Chemical And Cellular Basis Of Life - 1

Question 1

Elemental composition of living matter

Answer 1

92 - 20-25 - 25 - 17 - 96 - 4

92 elements naturally occur in earth’s crust.
Of which, about 20-25% elements are essential to continue healthy life and reproduction. (about
25- elements are essential for humans and about
17 for plants).
O,C,H,N make up 96% of living matter.
CaPKS - 4%
make up most of the remaining 4% of the mass of the organism.

Question 2

Humans - Elemental composition

Answer 2

C, H, O, N- accounts for 96.3% of the body mass
accounts for the remaining 3.7% -
1. Ca, Mg, K, Na
2. PiCkleS - P, Cl, S
3. trace elements - VIBEZ - V, I, B, Zn - CSMF - 3,3,2,2 -
Cu, Co, Cr, Se, Si, Sn, Mo, Mn, F, Fe

Question 3

Physical and chemical properties of water important for life

Answer 3

Water is a vital inorganic molecule

1. Vital chemical constituent of living cell
2. Provides a biological medium for all organisms

chemical structure of water molecule. Physical and chemical properties of water molecule provide the ability to render the vitality.
a small,
polar and
angular molecule.

Question 4

Polarity?

Answer 4

δ+ partial positive δ-partial negative

Polarity is an uneven charge distribution within a molecule. In water molecule, oxygen atom is slightly negative and hydrogen atom is slightly positive. Weak attractions between the slightly polar hydrogen atom of one water molecule and the slightly polar oxygen atom of adjacent water molecuole are known as hydrogen bonds. These hydrogen bonds play a major role in maintaining all the properties of water.

Question 5

properties of water arise due to attractions of different water molecules

Answer 5

In liquid form its H bonds are very fragile. H bonds form, break and reform with great frequency.

Question 6

Four major properties of water to maintain life on earth

Answer 6

• Cohesive behavior
• Ability to moderate temperature
• Expansion upon freezing
• Versatility as a solvent

Question 7

Cohesive behavior

Answer 7

Attraction between water molecules due to hydrogen bonding is known as cohesion.

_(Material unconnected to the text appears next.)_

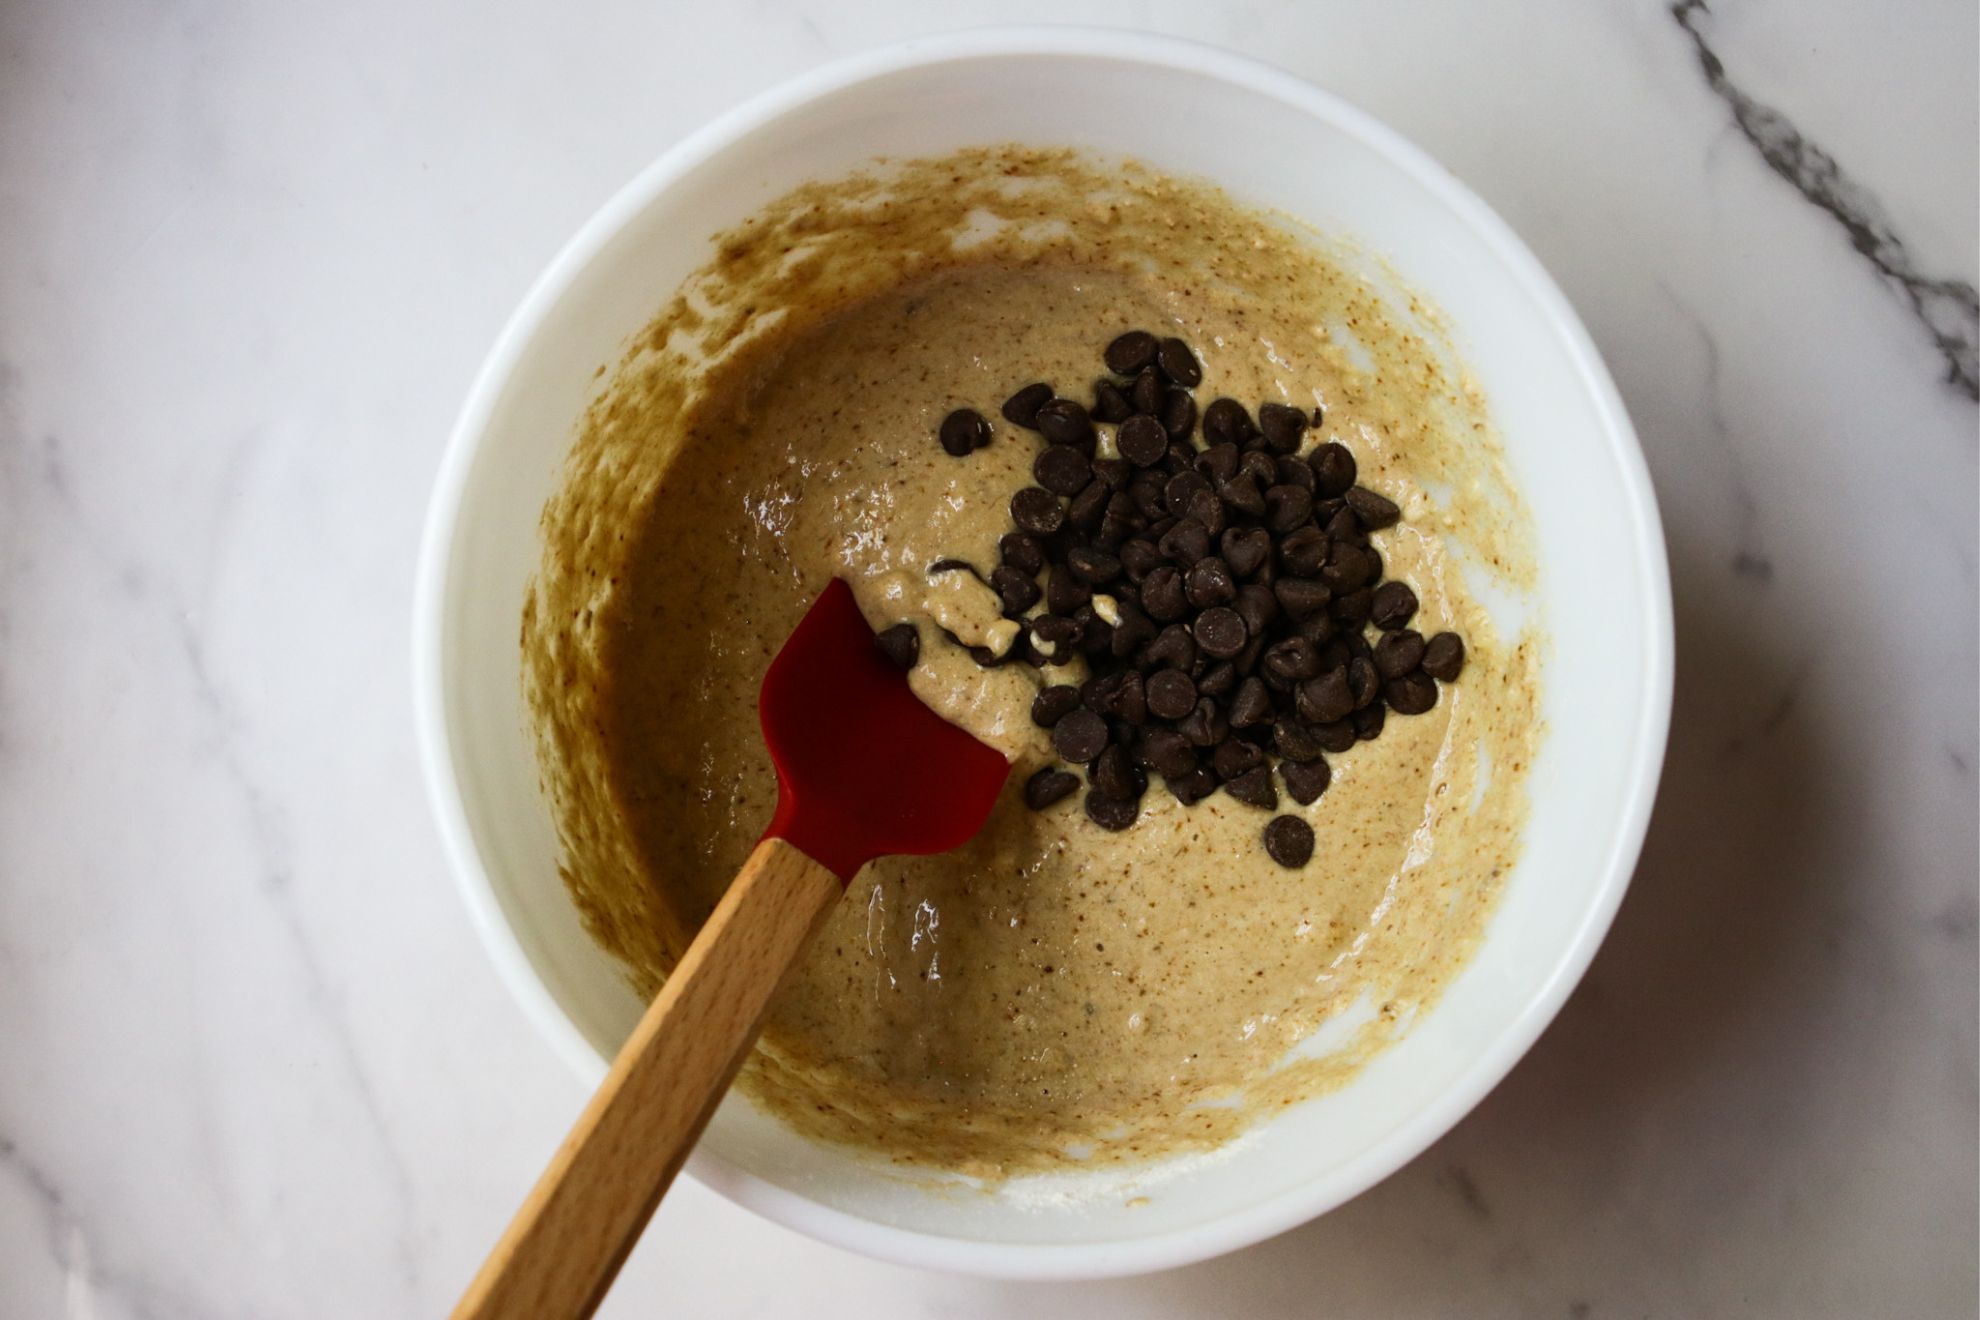 This is an overhead horizontal image of mixed batter with chocolate chips in a mound to the right side of the bowl. The bowl is white and sits on a white marble counter. A red spatula with a wooden handle is dipping into the batter and leaning against the side of the bowl, pointing to the bottom left of the image.

Attraction between water molecules and other substances are known as adhesion.

Both of the above properties of water allow it to act as a transport medium.

Due to cohesion between water molecules, water and dissolved substances such as minerals and nutrients transport through vascular tissues, xylem and phloem against gravity.

Adhesion between water molecules and cell walls also helps in conduction of water and dissolved substances.

Water has a high surface tension.

This ability is given to water molecules, due to cohesion between the water molecules. Therefore, in an aquatic system, upper surface water molecules are attracted by lower surface molecules and it forms a water film.

Small insects e.g. water skaters can walk on the surface of a pond.

Question 8

Ability to moderate temperature

Answer 8

Water can absorb or release a relatively high amount of heat energy by a slight change in its own temperature.

thermal buffer

Due to the high specific heat, water will function as thermal buffer in living system and aquatic bodies during the temperature fluctuations on earth.

Due to the high heat of vaporization, with the minimum loss of water an organism can release much heat energy. Therefore, body surface of an organism maintained as cool surface.

e.g.

Prevent from overheating.

Evaporation of sweat from human skin helps to maintain the body temperature at constant level.

Transpiration in plants keeps the plant body surface as a cool surface and prevent from becoming too warm in the sunlight.

Question 9

Expansion upon freezing

Answer 9

Usual - increase in temperature reduces their density,
a decrease in temperature increases their density.

When the temperature of water falls below 4 ̊C, it begins to freeze and forms a crystalline lattice called ice cubes.

water has the maximum density at 4 ̊C.

Hence, ice floats on the surface of water bodies.

It is an important property of water in polar regions, where, organisms in aquatic bodies can survive during the winter.

Question 10

Versatility as a solvent

Answer 10

Cuz of polarity.

Polar molecules (e.g. Glucose),
non polar ionic (e.g. NaCl),
both polar and ionic (e.g. lysozymes)

can dissolve in water, because water molecules surround each of the solute molecules and form hydrogen bonds with them.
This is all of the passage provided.